Attempts to open a socket to the specified container and considers it healthy if a connection can be established
Since it only checks for connection establishment, it is difficult to obtain internal information

Command Execution

Executes a specific command
- Example: cat /tmp/healthy

In the XIM provider server, we use

Readiness Probe by HTTP Request
- The role of Readiness Probe is to check if the container can accept traffic
- We should check dependencies such as the database to ensure there are no issues handling traffic
Liveness Probe by tcpSocket
- The role of Liveness Probe is to check if the container needs to restart
  - Case: server crash
- Using an HTTP Request for health checks is fine, but we adopted tcpSocket to reduce logs sent to Datadog and to save resource(CPU/Memory)
- Deadlocks rarely occur, but when they do, they can be avoided by the caller’s request timeout, so a restart is not necessary. Restarting should be avoided except when the server crashes, as it prevents responses to requests during that time.

By AWS ELB

We use ELB-HealthChecker.

The main objective is to identify healthy backend instances and maintain system availability for the proper distribution of user requests.

By Datadog

We use Datadog Synthetics API test.

The main objective is to ensure that the entire application is functioning correctly by sending requests through the ALB’s health check endpoint.
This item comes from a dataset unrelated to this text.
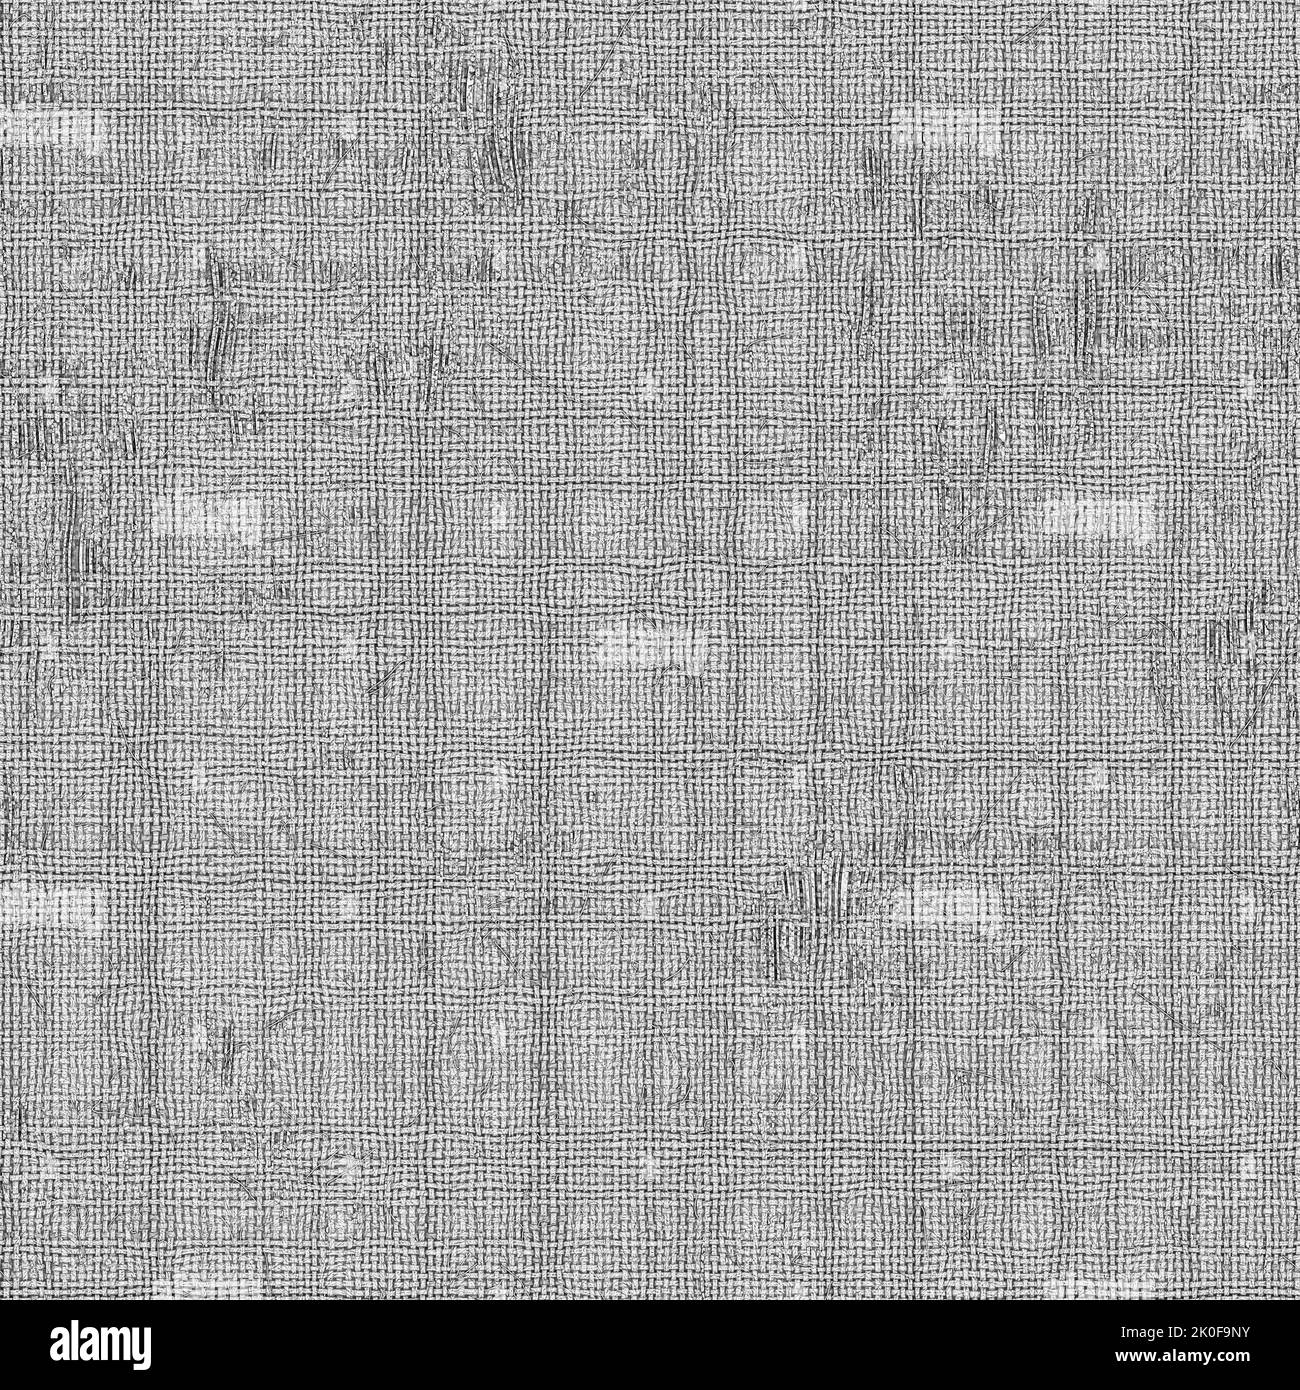 Ambient Occlusion map fabric, fabric AO mapping Stock Photo

Summary(Architecture figure)

How to reduce health check logs in Datadog

This time, we focused on the health checks performed by Kubernetes probes, which we wanted to minimize the most.

How does Datadog catch logs?

The answer is provided by the Datadog Agent.

(ref: https://moneyforward.kibe.la/notes/292494)

So we realized that it is important not to write to standard output when a health check is successful.

Our option were:

Customize Logger middleware
Add exclusion filters in Datadog

We chose the second option because we don’t require precise control over the logs, and we prefer to avoid making changes to the product code as much as possible.

Customize Logger middleware

In middleware.Logger()

Getting the Buffer:
- buf := config.pool.Get().(*bytes.Buffer)
- Here, a buffer is obtained from config.pool.
Writing the Buffer’s Content to Output:
- _, err = c.Logger().Output().Write(buf.Bytes())
- This line writes the contents of the buffer to the output of c.Logger().

We should create a custom middleware that skips this Logger middleware when the health check is successful.

We can skip logging into Datadog because the Datadog agent catches the logs from kubernetes’ stdout.

Add exclusion filters in Datadog

There is another option, which is to add settings in Datadog.

In Datadog’s pricing model, storage costs are incurred based on the amount of log data included in the index. By using Exclusion Filters to exclude specific logs from the index, unnecessary logs are not included in the index, thereby reducing storage costs.

If we want to show the logs again, we can delete the filters.

We wanted to reduce successful health check logs, so we added status:info query.

We’ve successfully slashed the number of health check success logs! Mission accomplished!